The experiments reported in [31] in the chemostat clearly show the coexistence of bacteria performing the same function (41 phylotypes observed) for a long period (525 days). These results can be compared to those presented in [42]. These authors considered a two-competitor/one prey model and explained the coexistence of the two competitors by density-dependent mortality for one of the two species. The interaction web also shows preferential “couples” or “pairs” of micro-organisms (AOB1/NOB2 and AOB2/NOB1) that are not “interchangeable” (AOB1/NOB1 and AOB2/NOB2) and which exhibit negative interactions. With a model built at a population level, it is obviously very difficult to interpret biologically direct interaction terms a_ij. However, an example of a configuration in which such interactions could develop is as follows. Consider—for some unknown reason—that AOB1 and NOB1, on the one hand, and AO2 and NOB2, on the other hand, develop specific interactions (for instance in forming ”bi- specific” flocs). Because of their proximity, AOB1 and NOB1 (resp. AOB2 and NOB2) could develop specific biotic interactions while each pair would now be in competition with the other. If such an explanation remains highly speculative, it is not inconceivable that such interactions are developing in a complex natural ecosystem.

There is no competition for NH4⁺ between AOBs. Unfortunately, some interactions, such as NOB2/NOB2, as well as the low abundance of NOBs compared to AOBs, often underlined in the literature, cannot be explained.
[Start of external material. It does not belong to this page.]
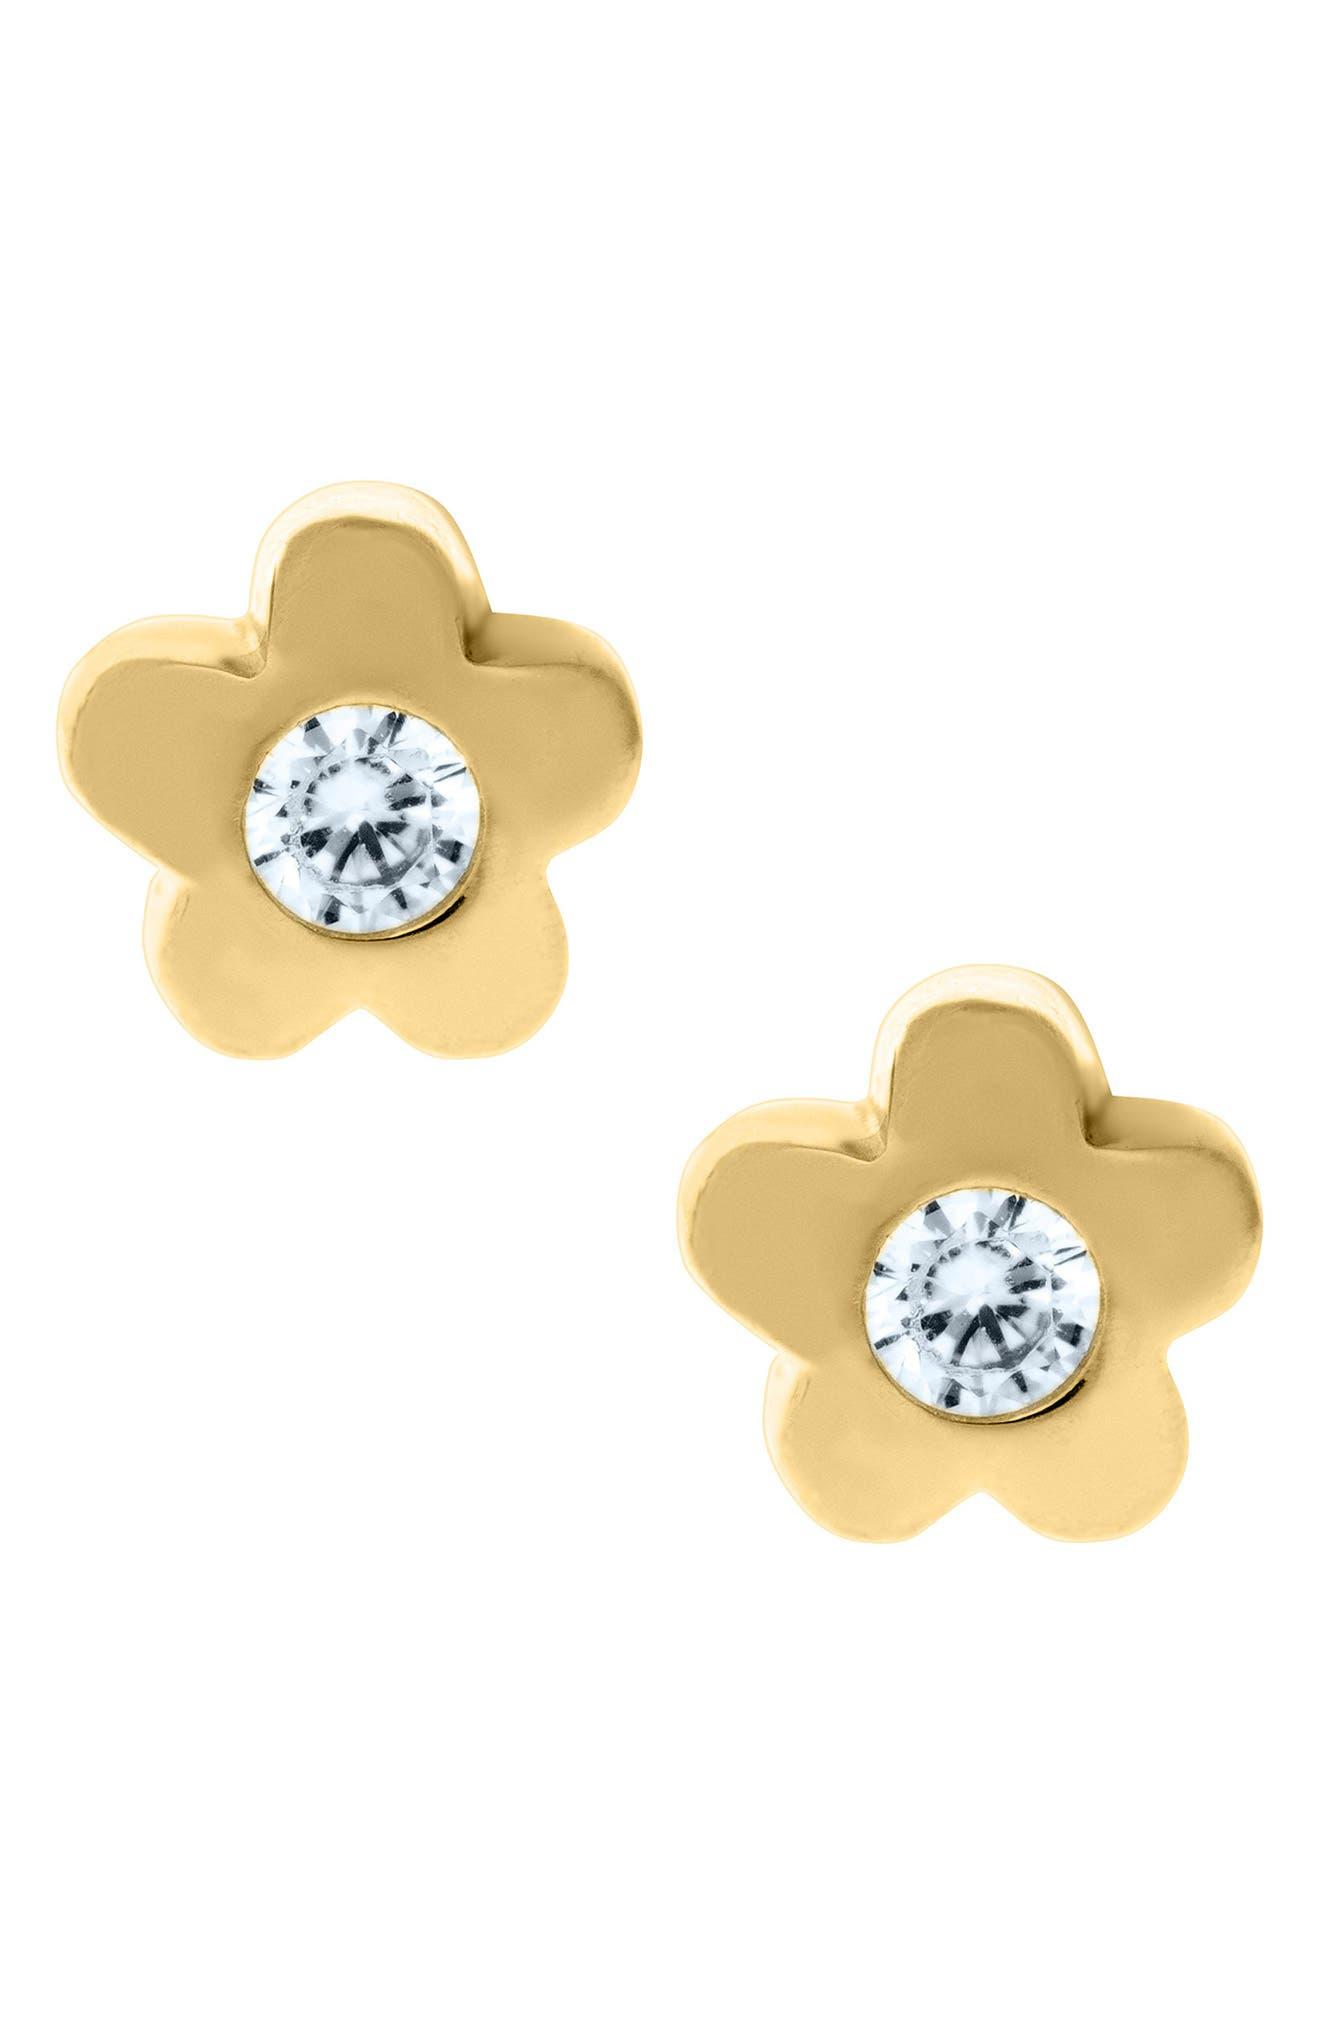 14k Gold & Cubic Zirconia Flower Earrings,                         Main,                         color, Gold

In conclusion, we developed a new model of nitrifying chemostat to study the interactions within two functional groups of four species: two AOBs and two NOBs. The network of virtual interactions obtained can explain the coexistence of these 2 + 2 species on 1 + 1 growth-limiting resources. Of the perspectives deriving from this work, one could design other more complete models including multiple functional groups of organisms, such as nitrifying and denitrifying heterotrophs, phosphorus-accumulating organisms, etc. In addition, this study focused on the effects of interactions within a single trophic level (bacteria). Effects of the presence of higher trophic levels, for instance predation by virus or protozoa, could also be considered. However, in all these cases, a number of issues, including the identification of a large number of model parameters, need to be dealt with from a theoretical viewpoint before such more complicated models can be developed.